Durant la première moitié du XXe siècle, l’architecte le plus connu des Etats-Unis, Frank Lloyd Wright, disait que l’architecture est l’art mère. Il considérait même que sans une architecture propre, on n’a pas l’âme de notre propre civilisation. De l’autre côté de l’Atlantique, au sud-est de l’Europe, son contemporain roumain, Ion Mincu, posait les bases du style néo-roumain. Ainsi, durant les premières décennies du même siècle, l’élite sociale bucarestoise commençait à prendre conscience de la valeur inestimable de l’architecture traditionnelle.
Ion Mincu saura justement spéculer cet intérêt pour le patrimoine artistique de facture brancovenesc et vernaculaire. Diplômé de l’Ecole Nationale des Beaux Arts de Paris, il va construire de véritables bijoux architecturaux, dignes représentantes des terres roumaines. Si nous jetons un coup d’œil à la liste de ses travaux, le «Buffet de la chaussée Kiseleff» pourrait être considéré comme celui dont le parcours est le plus spectaculaire.
Selon les témoignages de l’époque, le Buffet représente une sorte d’archétype idéal de la taverne roumaine. Ses plans initiaux avaient été élaborés en 1889, à l’occasion de la participation de la Roumanie à l’Exposition Universelle de Paris. L’événement célébrait le centenaire de la Révolution Française, et le projet de Mincu devait constituer la pièce maîtresse du pavillon roumain; plus tard, l’idée sera abandonnée, faute de ressources. Trois ans après, grâce à l’intervention de l’homme politique Petre P. Carp, les habitants de la capitale pouvaient s’enorgueillir d’un nouveau restaurant. En le regardant aujourd’hui, on peut facilement s’imaginer une époque où les habitations roumaines ressemblaient à des pots en argile émaillé, celles-ci étant souvent décorées de motifs traditionnels locaux.

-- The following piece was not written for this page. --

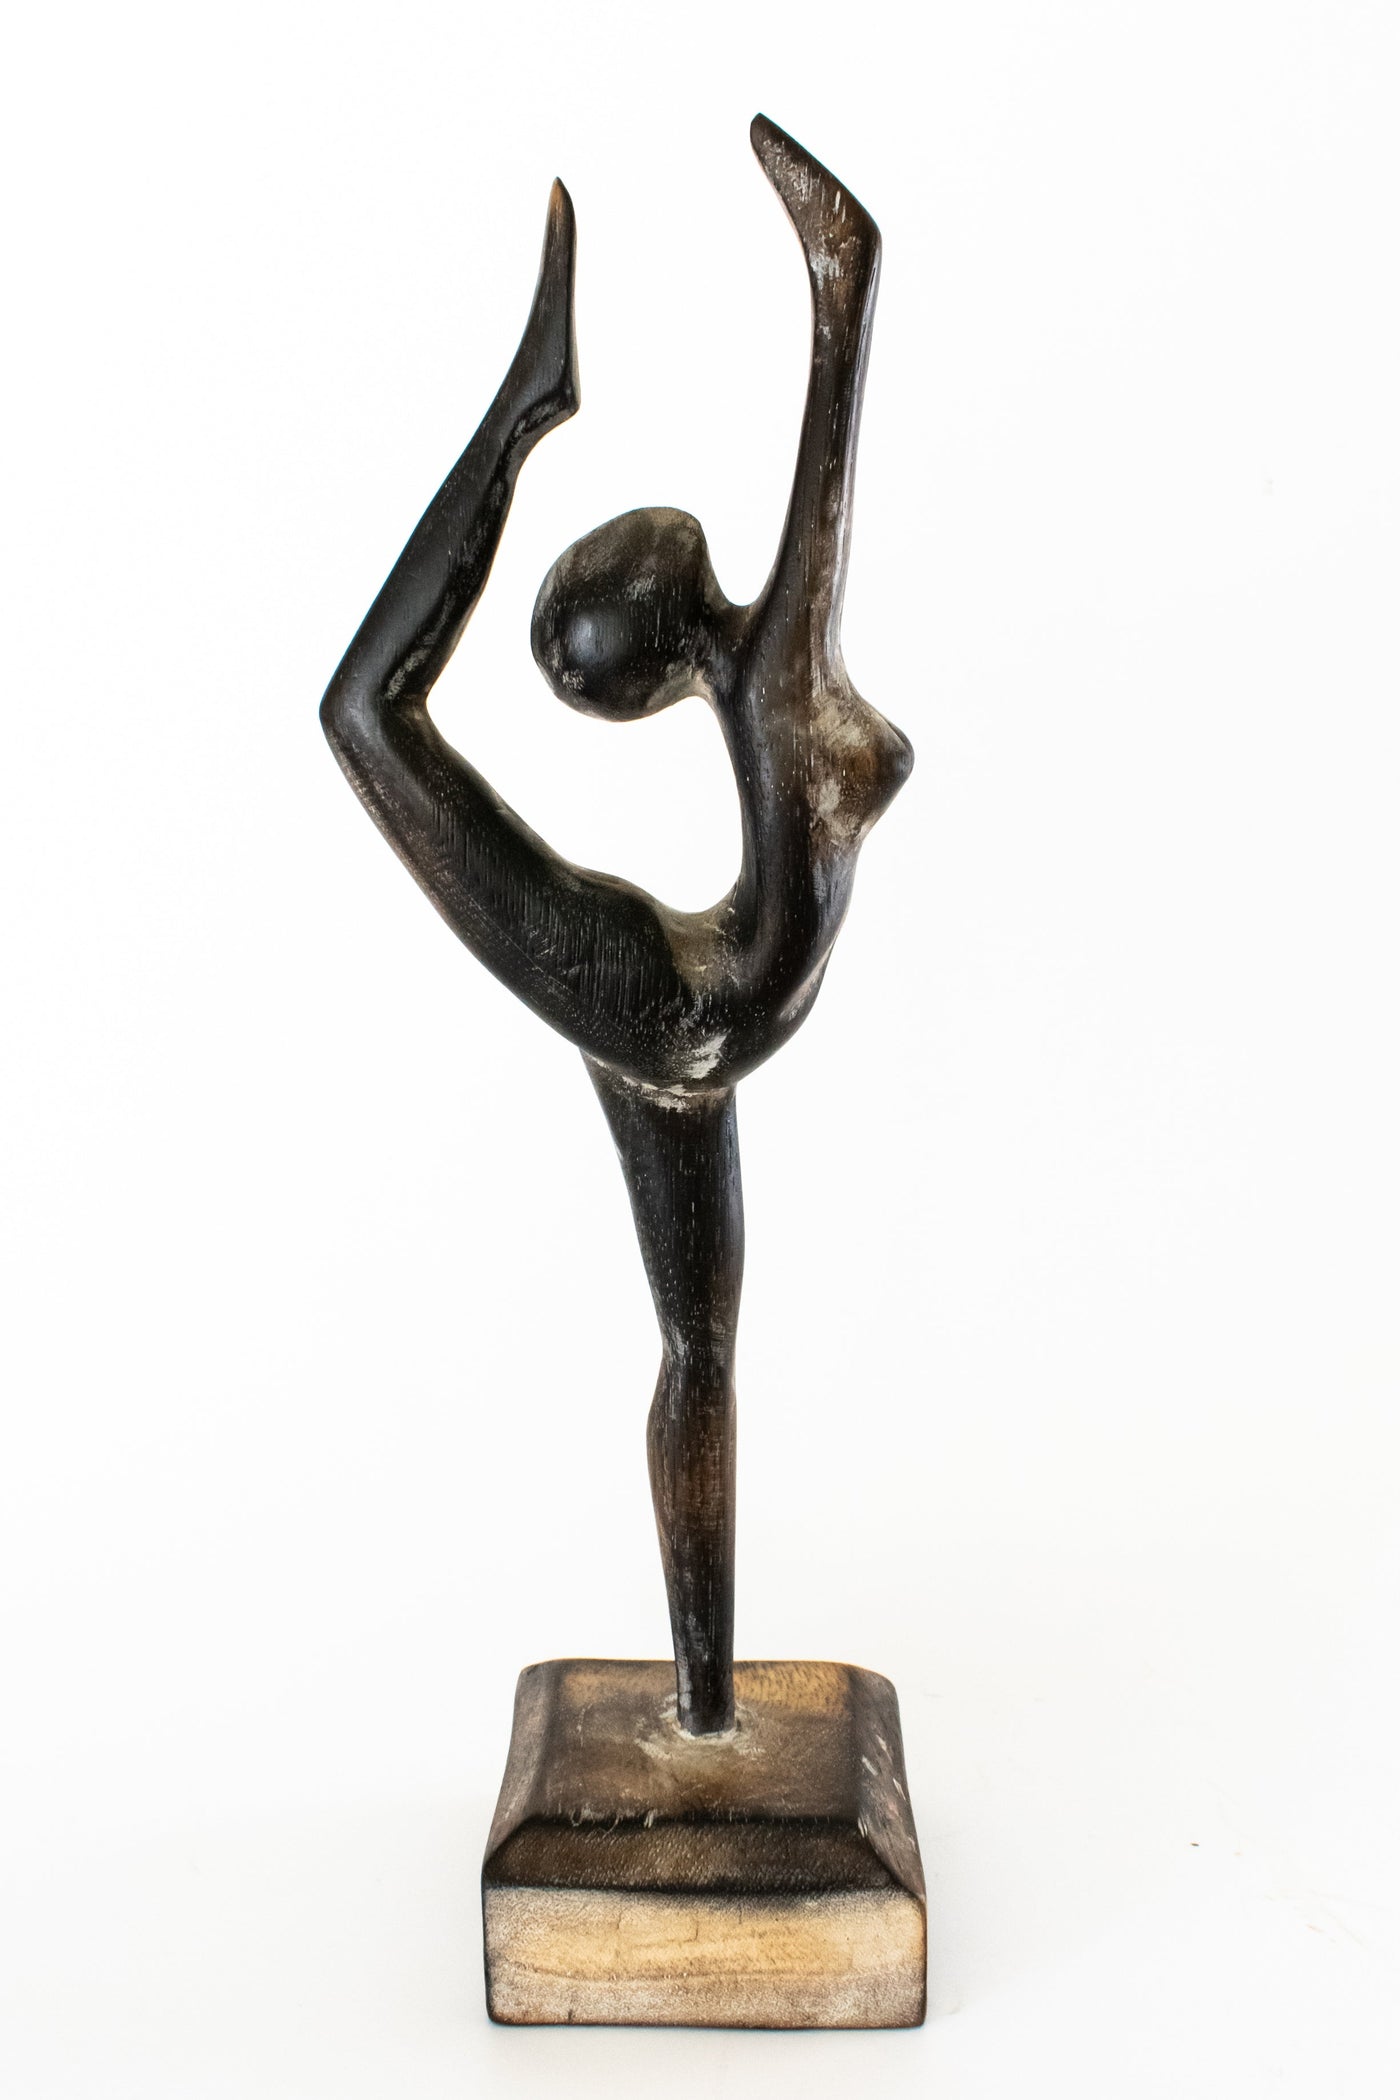 14" Wooden Handmade Abstract Ballet Dancer Sculpture Statue Handcrafted Gift Art Decor Figurine Accent Hand Carved Ballerina Attitude Dèrriere Cambrè
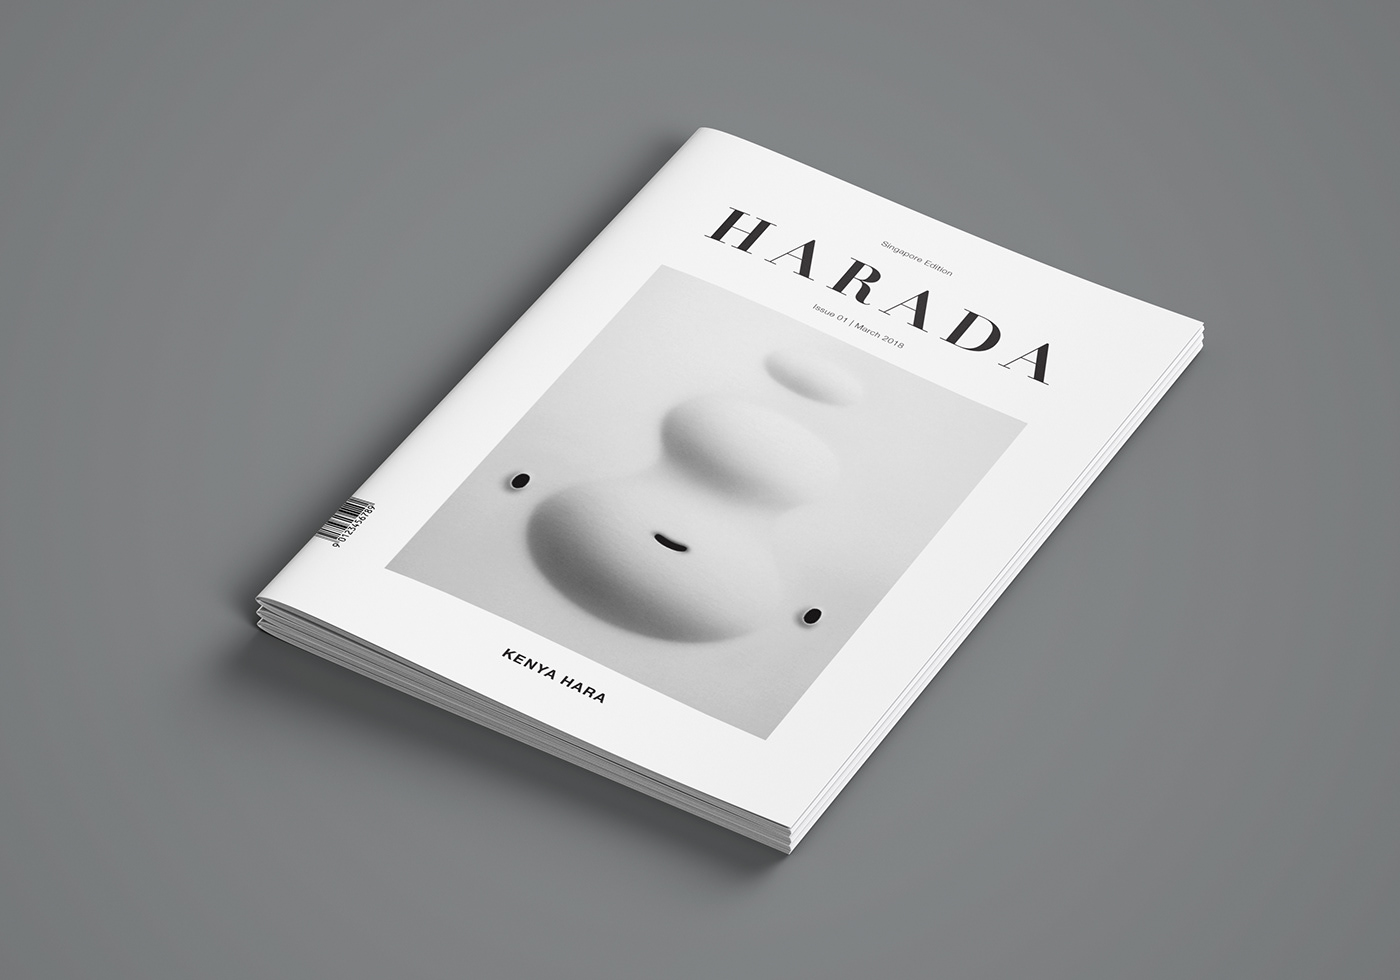 magazine Kenya Hara designer Layout

Devenant rapidement le lieu de prédilection de la haute société bucarestoise, le Buffet étale le style des vieilles maisons de boyards spécifiques aux zones subcarpatiques. Le salon principal se trouvant au niveau d’un rez-de-chaussée rehaussé, précédé par un porche, l’accès à ce bâtiment est facilité par une rampe extérieure avec des marches, cette dernière étant protégée des intempéries grâce à une extension marginale du toit. En ce qui concerne la façade principale, la perspective dominante est verticale, partant du sous-sol, marquée par une véranda aux murs en verre, dont le squelette prend la forme des arcs roumains, en plein centre. Si on lève les yeux, on découvre la fabuleuse véranda, soutenue par plusieurs colonnes en bois sculpté, couronnée par une coupole rectangulaire, pointue, faite en tuiles de céramique. Suite à la longue période de conquêtes de l’Empire Ottoman, les arcs turques, appelés aussi arcs brisés, sont spécifiques de la zone balkanique; on pourrait croire que l’architecte Ion Mincu a misé sur la continuité de la perspective horizontale supérieure, car on retrouve la même forme au niveau des encadrements des fenêtres.
Du point de vue des ornements, la polychromie typique du style néo-roumain est remplacée par une variété finie de couleurs, avec une préférence pour le vert et l’azur. De nombreux motifs floraux, dans un relief plutôt discret, semblent s’entortiller autour des médaillons de céramique, qu’on pourrait considérer comme étant de petits épicentres de la frise décorative. Au-dessus, la ceinture de la bâtisse est formée de plusieurs cassettes, à l’intérieur desquelles sont inscrits les noms des plus vieux vignobles traditionnels roumains.
Dès 2003, le Buffet de la chaussée Kiseleff est devenu le siège d’un célèbre restaurant de luxe, Restaurant Casa Doina. D’ailleurs, les résonances de ce nom semblent aller à merveille avec l’atmosphère patriarcale du lieu, car il n’y a pas d’autre pays qui puisse aussi bien parler de «doine», «dor» et de «bocet».